= Amy Sheridan =

CW4 Amy Sheridan was the first American woman officer to command a United States military aviation company stationed outside of the United States and the first Jewish woman to become a career aviator in the United States Armed Services.

== Biography ==
Sheridan was born in Newton, Massachusetts. She began her aviation training by working for a flight school in exchange for flight lessons.

In 1976, Sheridan joined the Women's Army Corps which was incorporated into the regular United States Army in 1978. She started her military career as a crew member at Fort Benning and by 1977 rose to crew chief.

Sheridan attended Warrant Officer Flight Training at Fort Rucker's Army Aviation Center. She became an officer and aviator after completing her training in December 1979 making her the first American Jewish woman to gain aviator status in any branch of the Armed Services.

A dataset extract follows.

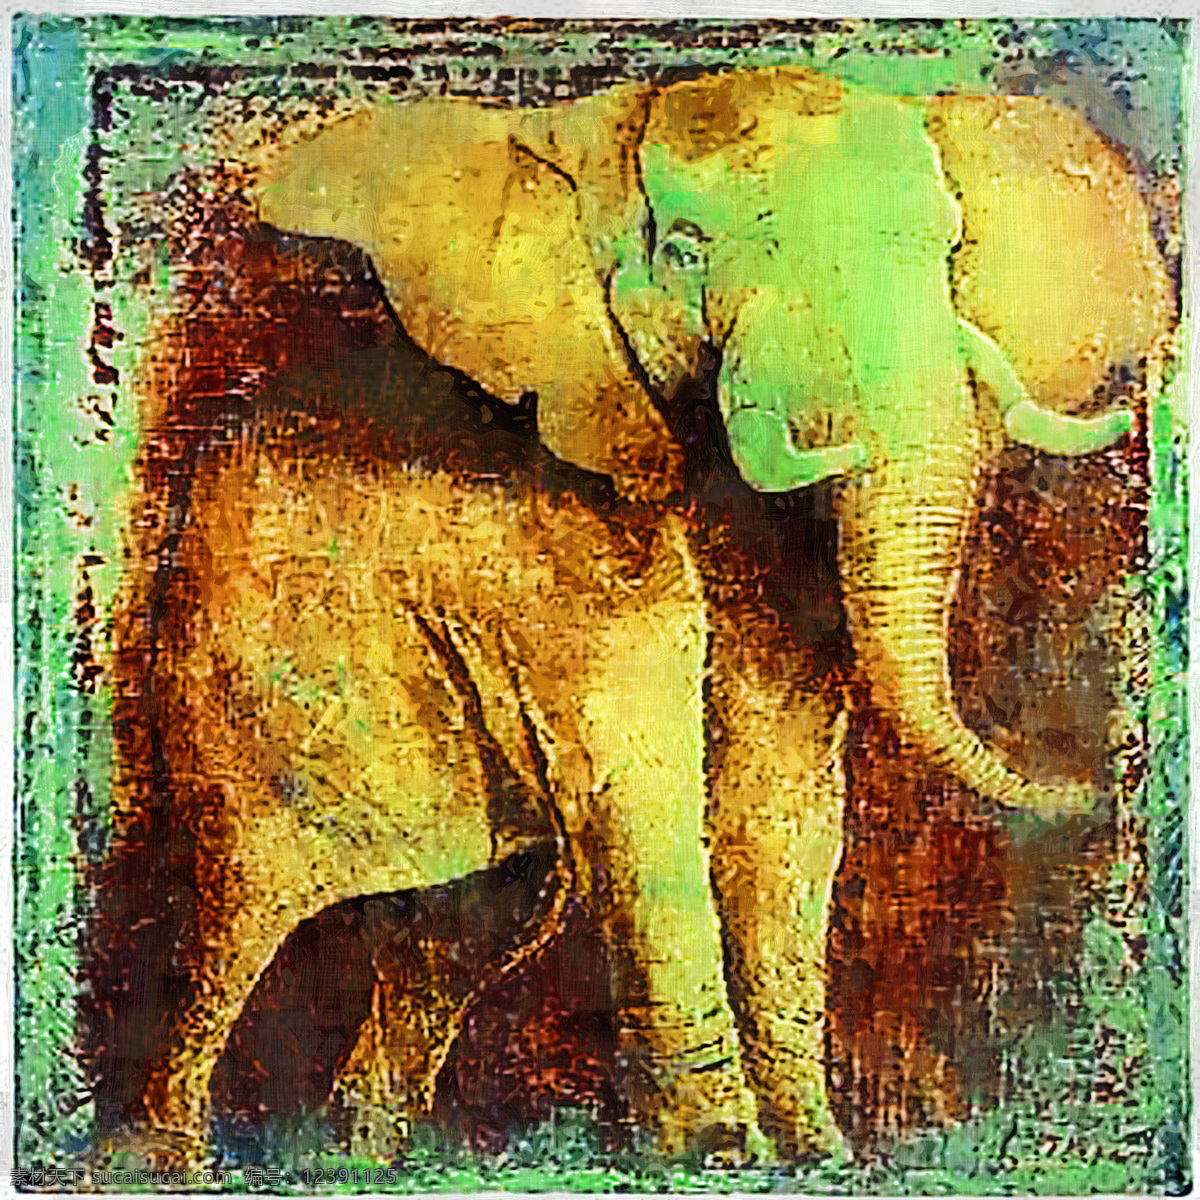 大象 动物 复古 怀旧 绘画书法 文化艺术 无框画 大象设计素材 大象模板下载 油画 装饰画 野生动物 装饰素材

Other Jewish women including Selma Cronan had previously been aviators and members Women's Airforce Service Pilots, but were considered volunteers and not official members of the military.

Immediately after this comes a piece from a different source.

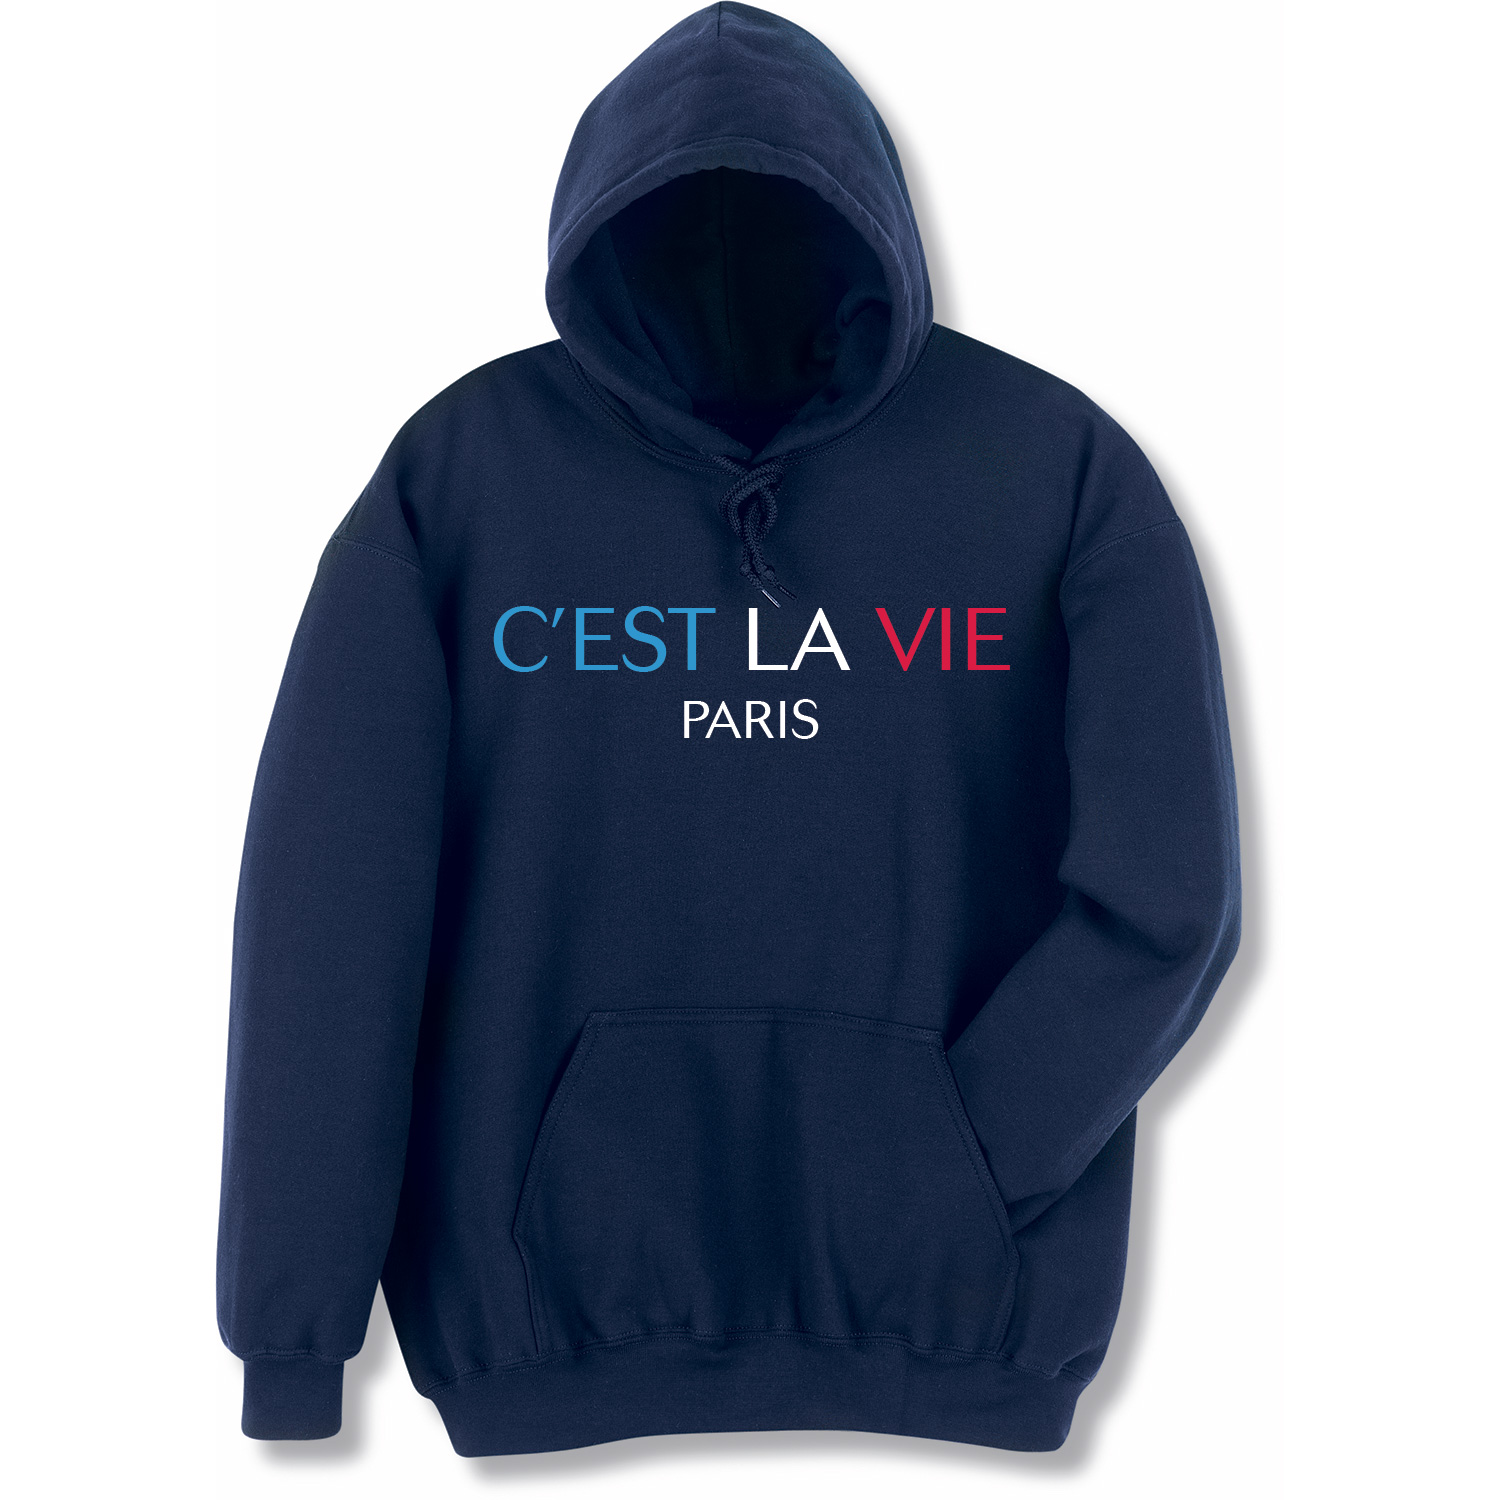 C'est La Vie Paris T-Shirt or Sweatshirt | Shop.PBS.org

Sheridan piloted helicopters and airplanes in the Western Hemisphere, Europe, and Asia for more than twenty years. She commanded helicopters for the VII Corps Aviation Company in Stuttgart, Germany making her the first woman to command an aviation company stationed outside of the United States. She was also aircraft commander of the United States Military's first all-woman reconnaissance flight crew while stationed in Korea.

In 1999, Sheridan retired from the Army as a Chief Warrant Officer 4 and became a teacher and school counselor.

She was injured in an automobile accident caused by a drunk driver in 2004 and is no longer able to fly.